PROBLEM TO WORK ON: Give again, word for word, every line in the entries below from the line with "morley power wah" up to and including the line with "Means to an", and no other line.

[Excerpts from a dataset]
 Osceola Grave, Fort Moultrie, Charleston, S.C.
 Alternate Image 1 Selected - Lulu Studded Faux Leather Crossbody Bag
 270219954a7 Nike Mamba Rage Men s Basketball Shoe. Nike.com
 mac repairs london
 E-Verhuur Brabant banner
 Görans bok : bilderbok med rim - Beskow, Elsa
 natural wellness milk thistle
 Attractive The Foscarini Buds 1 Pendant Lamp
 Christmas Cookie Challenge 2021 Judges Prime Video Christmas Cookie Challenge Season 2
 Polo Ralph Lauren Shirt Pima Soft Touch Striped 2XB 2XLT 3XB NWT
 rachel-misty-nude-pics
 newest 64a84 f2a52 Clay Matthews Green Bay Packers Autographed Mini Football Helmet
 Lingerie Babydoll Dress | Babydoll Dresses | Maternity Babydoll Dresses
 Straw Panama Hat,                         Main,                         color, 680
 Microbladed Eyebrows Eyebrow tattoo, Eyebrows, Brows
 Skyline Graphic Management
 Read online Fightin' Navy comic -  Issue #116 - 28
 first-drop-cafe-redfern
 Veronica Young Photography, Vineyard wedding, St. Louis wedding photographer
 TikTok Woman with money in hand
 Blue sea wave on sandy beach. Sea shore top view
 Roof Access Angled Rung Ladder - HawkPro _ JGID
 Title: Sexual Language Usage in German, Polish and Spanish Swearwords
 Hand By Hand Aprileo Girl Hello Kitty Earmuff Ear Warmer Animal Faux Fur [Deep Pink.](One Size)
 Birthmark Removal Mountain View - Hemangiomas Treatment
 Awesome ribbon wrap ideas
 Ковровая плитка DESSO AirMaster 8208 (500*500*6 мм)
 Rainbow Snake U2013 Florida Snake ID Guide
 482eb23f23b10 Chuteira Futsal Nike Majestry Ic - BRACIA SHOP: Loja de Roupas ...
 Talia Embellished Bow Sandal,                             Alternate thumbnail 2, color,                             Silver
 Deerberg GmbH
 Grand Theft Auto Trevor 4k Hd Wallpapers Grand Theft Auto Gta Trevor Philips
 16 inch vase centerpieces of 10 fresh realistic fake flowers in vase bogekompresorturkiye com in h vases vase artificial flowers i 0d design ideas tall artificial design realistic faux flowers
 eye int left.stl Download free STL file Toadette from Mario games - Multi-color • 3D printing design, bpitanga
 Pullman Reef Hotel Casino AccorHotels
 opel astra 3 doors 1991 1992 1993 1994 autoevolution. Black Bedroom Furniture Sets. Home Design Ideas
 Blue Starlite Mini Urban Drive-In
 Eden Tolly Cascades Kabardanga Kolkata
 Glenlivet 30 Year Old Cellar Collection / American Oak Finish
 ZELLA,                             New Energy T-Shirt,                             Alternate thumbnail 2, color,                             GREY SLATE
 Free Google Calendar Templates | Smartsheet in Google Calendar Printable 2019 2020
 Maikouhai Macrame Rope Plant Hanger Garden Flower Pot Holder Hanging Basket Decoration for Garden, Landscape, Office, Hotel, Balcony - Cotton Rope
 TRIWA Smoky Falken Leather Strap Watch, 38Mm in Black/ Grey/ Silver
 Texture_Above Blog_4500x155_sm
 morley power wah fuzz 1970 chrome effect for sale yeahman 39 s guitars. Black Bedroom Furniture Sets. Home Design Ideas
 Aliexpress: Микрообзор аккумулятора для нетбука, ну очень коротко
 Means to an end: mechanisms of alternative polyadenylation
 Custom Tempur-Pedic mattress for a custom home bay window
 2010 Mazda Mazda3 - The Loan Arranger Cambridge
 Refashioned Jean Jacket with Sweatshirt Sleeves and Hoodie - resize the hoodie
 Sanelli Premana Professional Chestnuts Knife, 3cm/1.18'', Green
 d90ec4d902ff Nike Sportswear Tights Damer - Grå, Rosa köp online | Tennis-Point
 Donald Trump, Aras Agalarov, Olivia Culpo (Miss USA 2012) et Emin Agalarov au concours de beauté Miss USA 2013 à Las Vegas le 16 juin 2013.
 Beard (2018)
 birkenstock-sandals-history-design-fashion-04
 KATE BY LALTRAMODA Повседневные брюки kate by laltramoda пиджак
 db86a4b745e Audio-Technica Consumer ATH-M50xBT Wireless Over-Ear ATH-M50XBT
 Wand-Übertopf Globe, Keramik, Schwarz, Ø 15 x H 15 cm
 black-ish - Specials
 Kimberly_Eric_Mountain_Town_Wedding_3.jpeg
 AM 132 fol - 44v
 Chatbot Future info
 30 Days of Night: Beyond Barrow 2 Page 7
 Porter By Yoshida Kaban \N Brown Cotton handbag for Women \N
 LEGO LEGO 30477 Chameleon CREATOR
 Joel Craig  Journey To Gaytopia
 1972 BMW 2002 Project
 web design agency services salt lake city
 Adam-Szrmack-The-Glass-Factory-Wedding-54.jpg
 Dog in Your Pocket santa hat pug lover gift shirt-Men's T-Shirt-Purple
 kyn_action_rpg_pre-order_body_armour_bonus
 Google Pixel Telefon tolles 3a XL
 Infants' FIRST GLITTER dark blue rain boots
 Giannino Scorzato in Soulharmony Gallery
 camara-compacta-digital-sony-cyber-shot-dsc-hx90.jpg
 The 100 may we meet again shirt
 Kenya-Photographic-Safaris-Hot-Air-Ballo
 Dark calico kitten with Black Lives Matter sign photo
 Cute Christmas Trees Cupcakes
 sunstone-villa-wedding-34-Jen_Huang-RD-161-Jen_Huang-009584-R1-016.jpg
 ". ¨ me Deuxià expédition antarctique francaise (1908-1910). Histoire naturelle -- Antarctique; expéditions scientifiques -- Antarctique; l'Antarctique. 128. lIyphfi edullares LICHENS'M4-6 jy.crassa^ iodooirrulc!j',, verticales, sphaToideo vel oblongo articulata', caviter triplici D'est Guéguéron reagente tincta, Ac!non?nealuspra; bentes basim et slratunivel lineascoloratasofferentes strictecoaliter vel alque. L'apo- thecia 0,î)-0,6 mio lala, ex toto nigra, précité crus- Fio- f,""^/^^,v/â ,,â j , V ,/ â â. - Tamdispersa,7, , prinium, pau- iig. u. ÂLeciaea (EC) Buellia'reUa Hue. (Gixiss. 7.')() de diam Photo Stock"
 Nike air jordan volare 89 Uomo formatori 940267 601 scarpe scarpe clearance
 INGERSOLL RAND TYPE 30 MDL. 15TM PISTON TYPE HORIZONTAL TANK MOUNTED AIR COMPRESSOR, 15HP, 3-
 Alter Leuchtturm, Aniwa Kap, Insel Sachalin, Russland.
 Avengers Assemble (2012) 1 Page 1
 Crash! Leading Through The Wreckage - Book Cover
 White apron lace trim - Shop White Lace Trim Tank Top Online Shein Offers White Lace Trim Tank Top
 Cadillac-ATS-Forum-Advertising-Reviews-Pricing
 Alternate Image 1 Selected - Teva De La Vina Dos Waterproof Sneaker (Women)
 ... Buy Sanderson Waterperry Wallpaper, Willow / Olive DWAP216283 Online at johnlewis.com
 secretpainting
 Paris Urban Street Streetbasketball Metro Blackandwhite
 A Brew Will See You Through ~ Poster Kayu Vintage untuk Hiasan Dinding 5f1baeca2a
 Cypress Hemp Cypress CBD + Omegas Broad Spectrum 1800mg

RESULT OF THE EXERCISE:
 morley power wah fuzz 1970 chrome effect for sale yeahman 39 s guitars. Black Bedroom Furniture Sets. Home Design Ideas
 Aliexpress: Микрообзор аккумулятора для нетбука, ну очень коротко
 Means to an end: mechanisms of alternative polyadenylation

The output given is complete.